Looking at the statistics from the HHS itself and comparing the vaccination rate and monoclonal antibodies distributed to the 12 most populated states did not always show a correlation between a low vaccination rate with more uptake of the therapies.

Screenshot of monoclonal antibody therapy allocations for the 12 most populated states (The Epoch Times)

The emergence of the Omicron variant further added to the confusion on whether certain antibody therapies should continue to be used and if they would still be effective clinically, particularly when the HHS halted the allocation of the therapies two days before Christmas.

HHS issued a notice on Dec. 23 that it would halt distribution of the REGEN-COV and Eli Lilly antibody therapies, based on in-vitro or “test-tube” studies—which have yet to be independently peer-reviewed—which found the antibody treatments may not be as effective against the Omicron variant, leaving GlakoSmithKline’s sotrovimab as the only available treatment.

The Epoch Times has reached out to both the drug manufacturers for comment. Eli Lily didn’t respond and Regeneron directed us to their Dec. 16 press release (pdf), which states, “While Regeneron’s currently authorized REGEN-COV antibodies have diminished potency against Omicron, they are active against Delta, which currently is the most prevalent variant in the U.S.”

The company said it is awaiting approval for a clinical trial of its “next generation” monoclonal antibodies that would be active against the Omicron variant and all variants of concerns.

Efficacy With Omicron?

Florida’s State Surgeon General Dr. Joseph A. Lapado says that the findings of one study conducted in a lab don’t necessarily conclude the same outcome in humans.

“So the laboratory evidence was indicating the affinity of the antibodies, such as the Regeneron antibodies for the Omicron variant were diminished … but that’s not the same thing as concluding that the Regeneron monoclonal antibodies will not work in a patient with Omicron,” Lapado said at a press conference on Jan. 3.

He added, “So, there’s a difference between laboratory data and clinical data. And they made the decision to withhold medication based on laboratory data, but we care about clinical outcomes. The decisions should be based, obviously, on clinical data, which is why they’ve reversed [the pause].”

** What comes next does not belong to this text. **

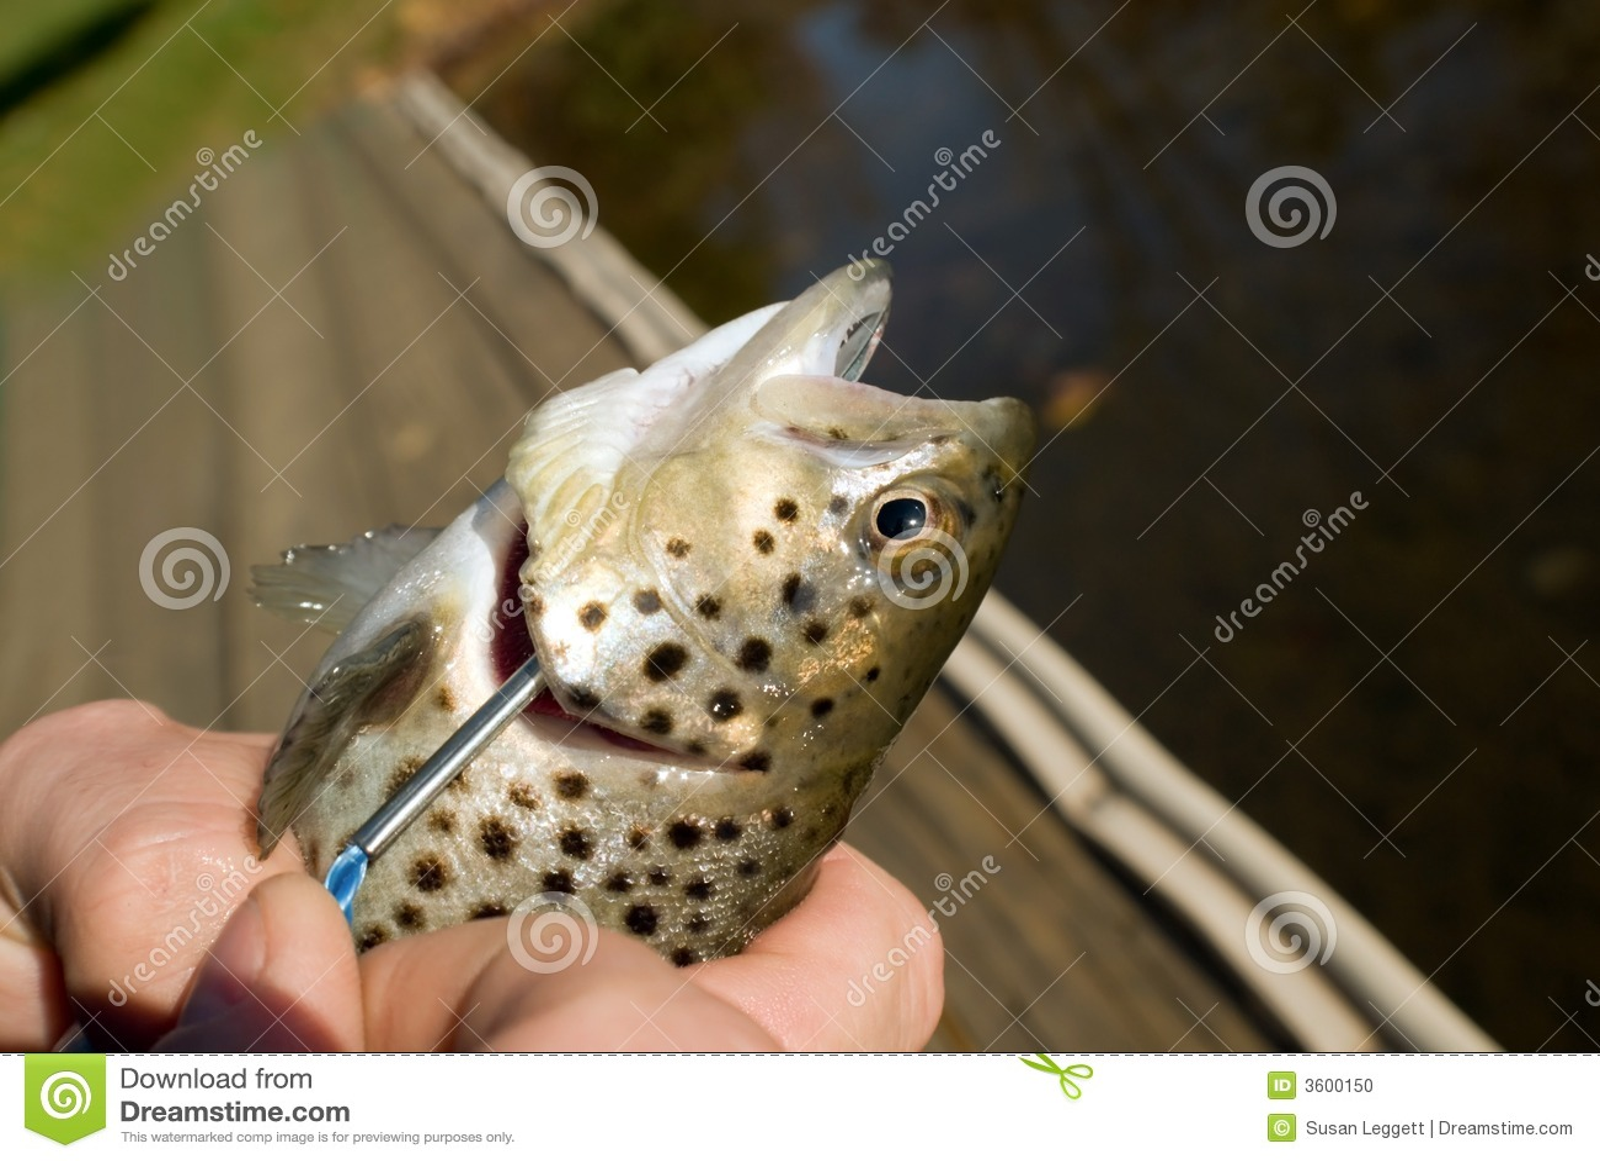 Fresh fish put on stringer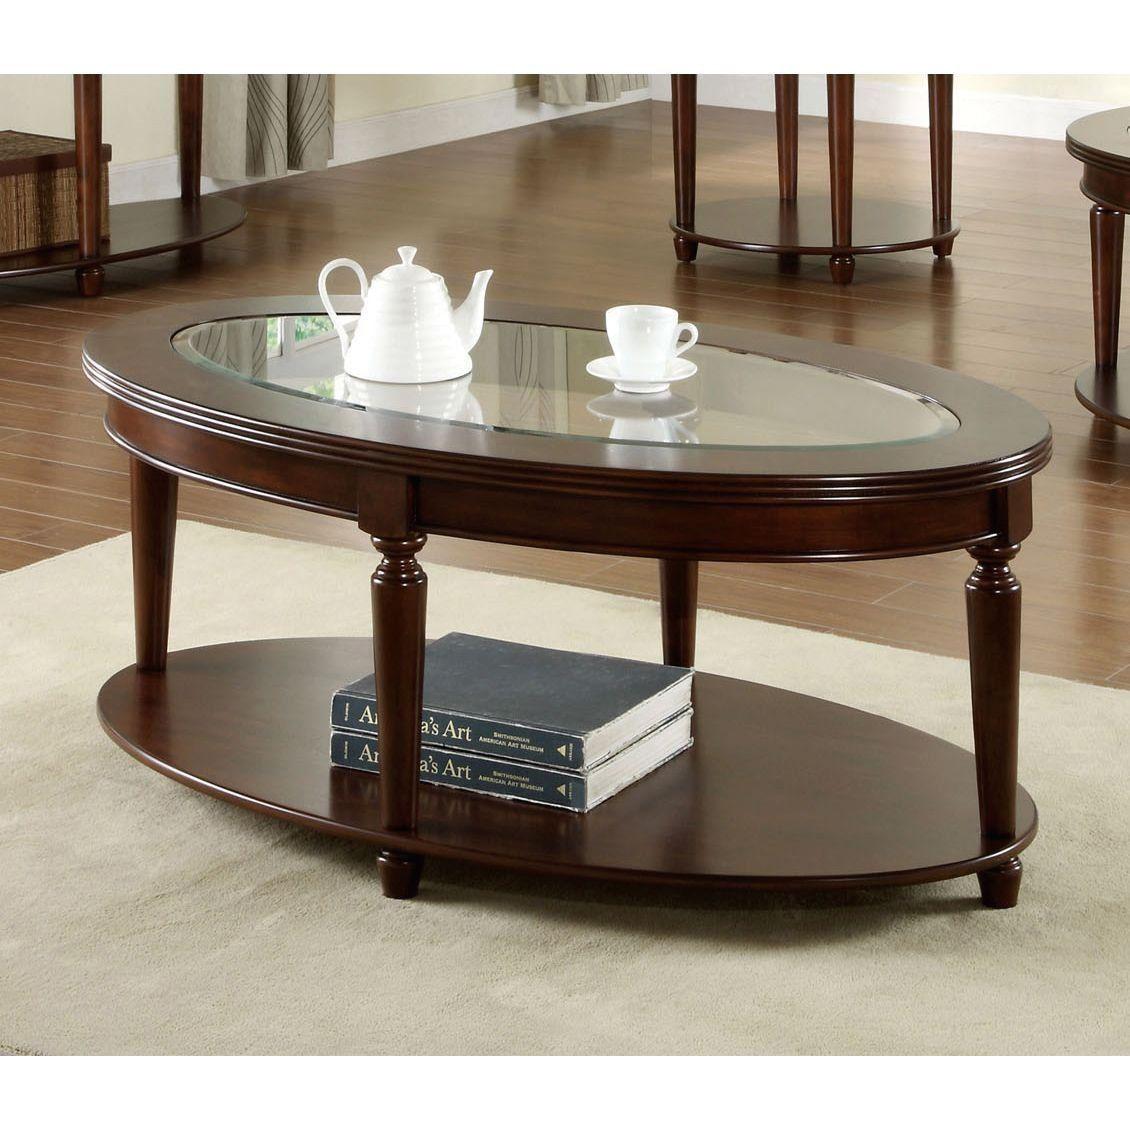 Furniture Of America Crescent Dark Cherry Glass Top Oval Coffee Table Glass Veneer Dark Cherry Bro Coffee Table Wood Cherry Wood Coffee Table Coffee Table [ 1130 x 1130 Pixel ]

HHS then lifted the pause eight days later on Dec. 31, allowing all states and territories to continue ordering the treatments, citing that “the prevalence of COVID-19 variants remain dynamic.” The decision was also “in light of recent National Institutes of Health (NIH) clinical guidelines published on Dec. 30, 2021, and the significant variability in the prevalence of the Omicron Variant of Concern (VOC),” it added.

The NIH is recommending a three-day course of intravenous remdesivir as a treatment option for nonhospitalized patients with mild to moderate COVID-19 who are at high risk of severe illness when Omicron is more than 80 percent prevalent in a region.

The recommendation was based on the PINETREE trial, which found an 87 percent relative reduction in the risk of hospitalizations and deaths compared to the placebo group. However, there was not a significant difference in the safety profile of both groups as “adverse events occurred in 42.3 [percent] of the patients in the remdesivir group and in 46.3 [percent] of those in the placebo group.”

Remdesivir is approved by the FDA for patients requiring hospitalization. Experts recommend physicians perform “close kidney monitoring when prescribing remdesivir” and be aware that the drug may cause kidney disorders. In addition, the NIH says that every patient should be given a liver function test and a prothrombin time test (to measure the length of time it takes blood to clot) prior to receiving remdesivir.